Go line by line through the data below and count those with the string "Large". Give the number only.
━━━━━ Records for this exercise ━━━━━
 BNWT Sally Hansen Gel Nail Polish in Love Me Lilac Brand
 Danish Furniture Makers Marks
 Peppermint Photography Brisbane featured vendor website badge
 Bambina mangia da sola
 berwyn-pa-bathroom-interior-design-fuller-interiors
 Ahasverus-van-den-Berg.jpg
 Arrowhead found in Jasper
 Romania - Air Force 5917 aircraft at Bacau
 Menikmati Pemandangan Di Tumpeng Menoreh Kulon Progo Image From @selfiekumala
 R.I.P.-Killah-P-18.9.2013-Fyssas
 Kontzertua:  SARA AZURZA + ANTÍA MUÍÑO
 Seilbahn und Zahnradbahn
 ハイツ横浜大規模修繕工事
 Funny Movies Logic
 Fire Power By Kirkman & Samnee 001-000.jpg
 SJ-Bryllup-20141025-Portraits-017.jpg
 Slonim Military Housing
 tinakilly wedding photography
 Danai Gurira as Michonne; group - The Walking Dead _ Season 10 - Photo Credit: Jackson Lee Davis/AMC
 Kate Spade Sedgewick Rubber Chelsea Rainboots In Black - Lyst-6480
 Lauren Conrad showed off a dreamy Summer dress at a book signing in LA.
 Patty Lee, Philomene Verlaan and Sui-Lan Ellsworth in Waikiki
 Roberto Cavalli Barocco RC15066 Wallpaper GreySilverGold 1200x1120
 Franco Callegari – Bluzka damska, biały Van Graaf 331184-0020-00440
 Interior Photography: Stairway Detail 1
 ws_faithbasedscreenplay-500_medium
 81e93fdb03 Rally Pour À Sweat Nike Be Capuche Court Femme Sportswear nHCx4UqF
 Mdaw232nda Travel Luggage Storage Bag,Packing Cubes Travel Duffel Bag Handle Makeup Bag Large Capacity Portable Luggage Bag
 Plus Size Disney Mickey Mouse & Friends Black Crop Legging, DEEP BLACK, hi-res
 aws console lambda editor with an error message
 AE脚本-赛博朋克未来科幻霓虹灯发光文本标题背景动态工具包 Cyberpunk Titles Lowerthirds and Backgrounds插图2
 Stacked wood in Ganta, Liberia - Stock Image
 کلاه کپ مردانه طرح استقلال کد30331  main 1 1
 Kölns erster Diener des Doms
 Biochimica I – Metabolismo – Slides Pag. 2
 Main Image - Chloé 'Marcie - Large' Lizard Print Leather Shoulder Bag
━━━━━
Final answer: 2